2. The encoding gene of the protease mutant according to claim 1.
3. The encoding gene as described in claim 2, characterized in that, The nucleotide sequence of the encoding gene is shown in SEQ ID NO.
9.
4. A recombinant vector, characterized in that, The recombinant vector comprises the coding gene as described in claim 2 or 3.
5. The recombinant vector as described in claim 4, characterized in that, The carrier is pUC57.
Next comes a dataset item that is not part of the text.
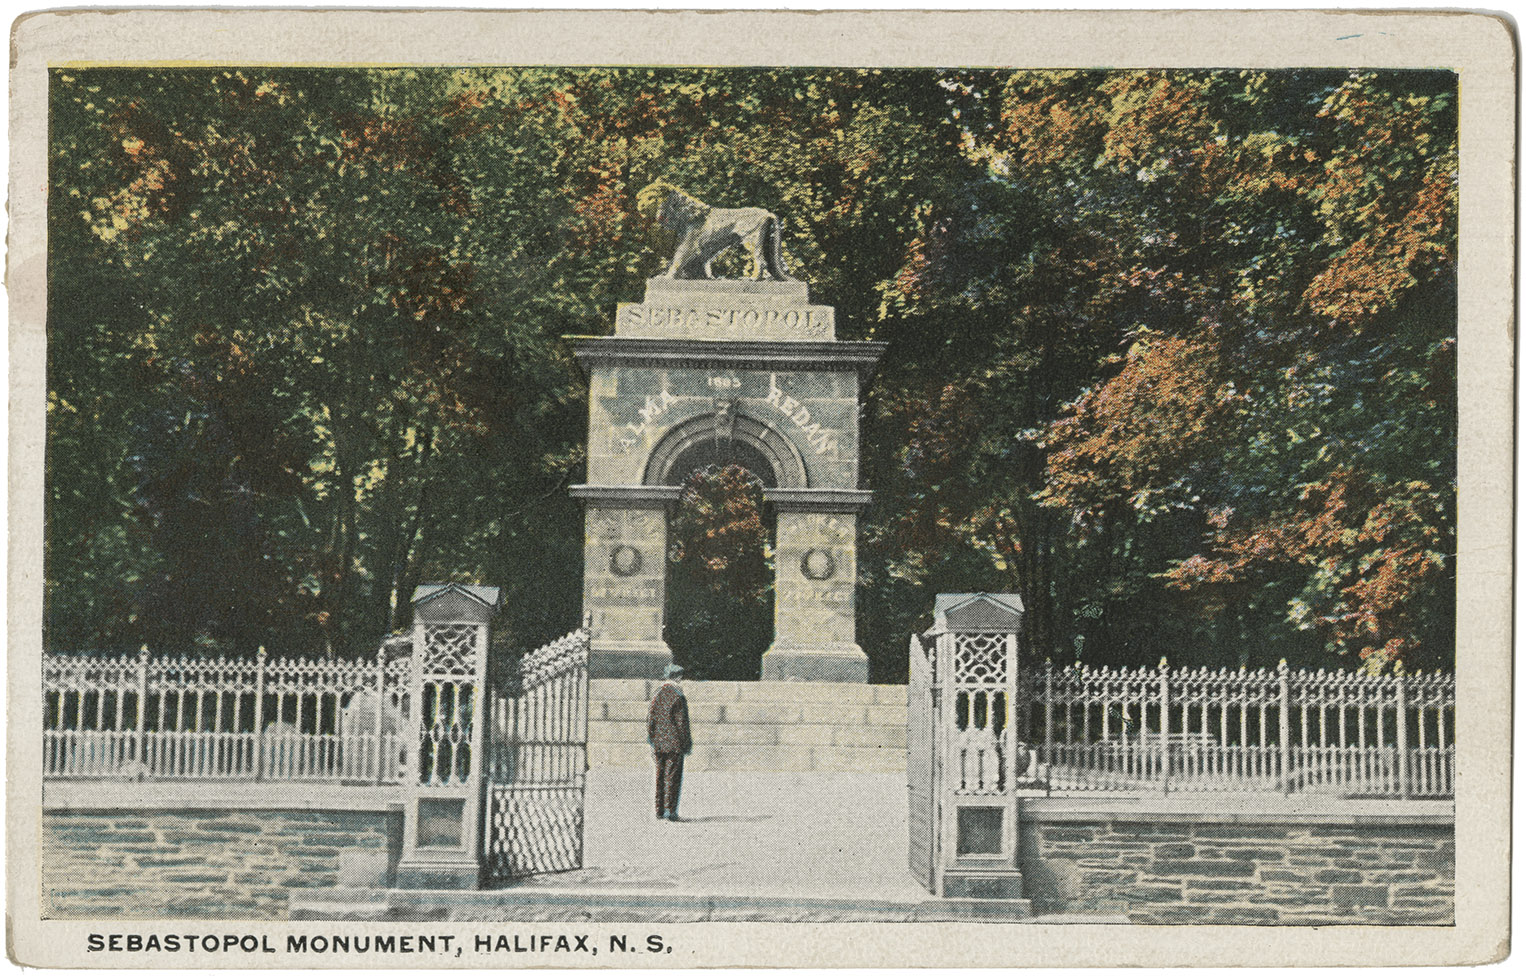 communityalbums - Sebastopol Monument, Halifax, N.S.

6. A recombinant bacterial strain, characterized in that, Contains the recombinant vector as described in claim 4 or 5.
7. The recombinant strain according to claim 6, characterized in that, The recombinant strain is Trichoderma reesei.
8. The method for preparing the protease mutant according to claim 1, characterized in that, The process includes the following steps: transforming the host strain with the recombinant vector described in claim 4 to obtain a recombinant strain; culturing the recombinant strain in liquid to obtain a fermentation broth; and centrifuging and filtering the fermentation broth to obtain a filtrate, which is a crude enzyme solution containing a protease mutant.
9. The preparation method according to claim 8, characterized in that, The liquid culture was carried out at 27-30℃ and 150-250 r / min for 5-7 days.
10. The use of the protease mutant of claim 1 in food processing, feed processing or leather processing.